Even though May 31 was set as the deadline for the desilting work, several councillors and residents complained that not more than 50 per cent of work has been completed. North Delhi Municipal Corporation Leader of Opposition and ward councillor from Dhirpur, Mukesh Goel, alleged that the machines used for desilting hardly work. “At present out of the two ‘Super Sucker’ machines only one is working and is shared by all the three civic bodies,” he said.

Others like South Corporation Central Zone Chairman Virender Kasana pointed to lack of sufficient funds for desilting work. “The BJP-ruled civic bodies have not allocated adequate funds like the Congress used to do when it ruled the erstwhile civic body,” he said.

Away from the blame-game played out at the civic body level, the PWD has for the first time taken to photographing the removal of silt from drains as proof that work is being done. Last year, the department took over all 60-foot-wide roads from the civic bodies and of the 899 roads under the PWD’s jurisdiction, 384 have been completely desilted, said PWD Director (Works) Ravi Mathur.

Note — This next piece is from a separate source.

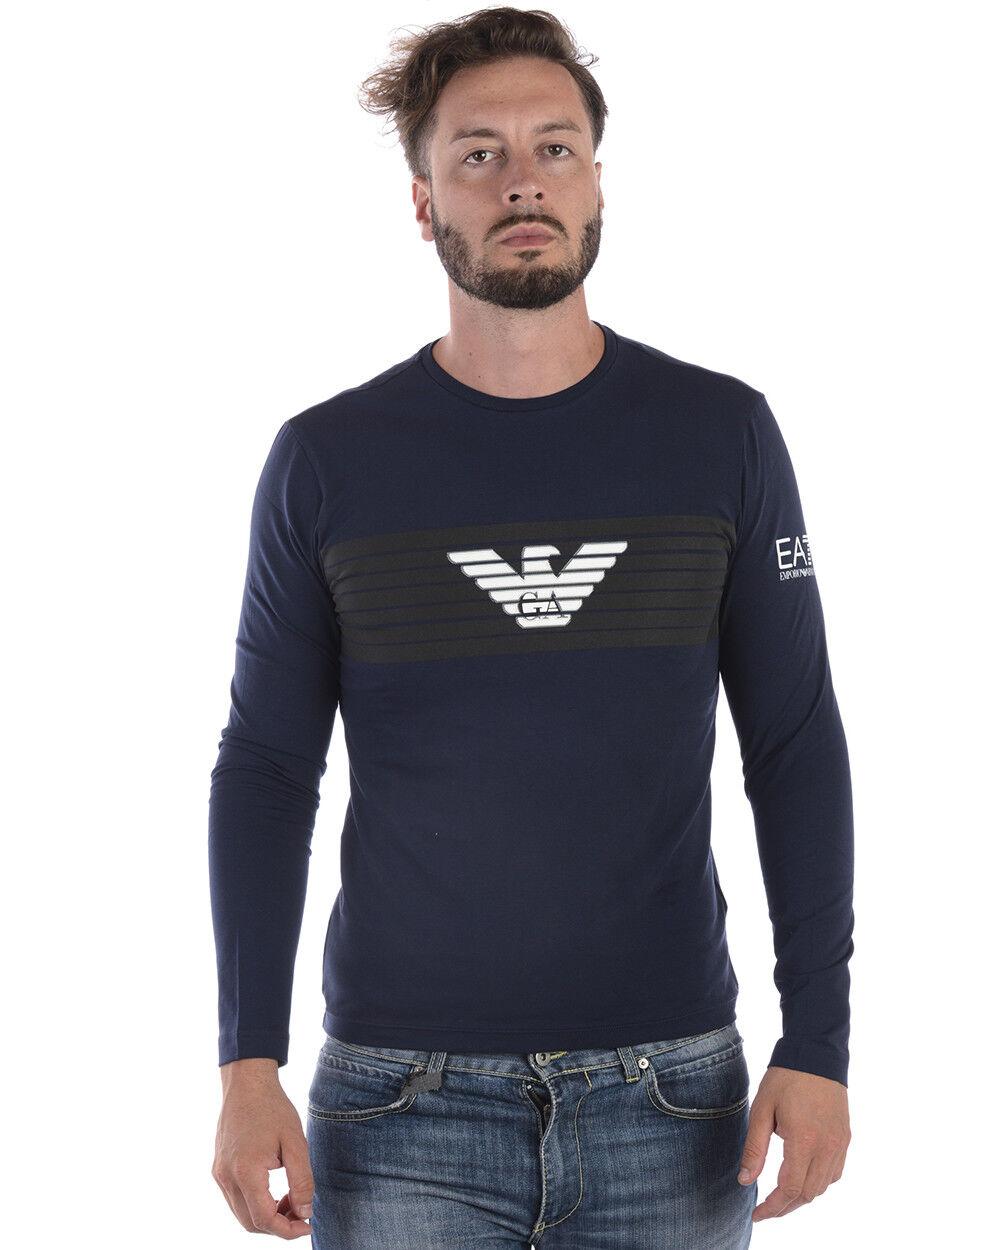 T shirt Maglietta Emporio Armani Ea7 Sweatshirt Cotone  Herren Blu 6ZPT30PJ18Z 1554

“In some areas, since drainage also enters into drains silt gets deposited. The capacity thus decreases causing problem when the rain comes,” he said, adding when the silt is removed it is left to dry near the drain for a few days before being transported to earmarked sites.

To find a long-term solution to the drainage problems, the Delhi Government’s Irrigation & Flood Control Department engaged IIT-Delhi last year to draw up a fresh Drainage Master Plan.

IIT-Delhi’s Department of Civil Engineering Professor A. K. Gosain said: “The desilting process adopted by the government agencies is flawed. It will only be effective if done through and through. Doing it in small patches will only create problems.”

Prof. Gosain, who heads the team working on the Master Plan, feels the process should be well thought of.

“Many times we find the silt deposited right next to the drain for days. As soon as it rains it is pushed back inside,” he said. “The technology is available for better deployment of the job.”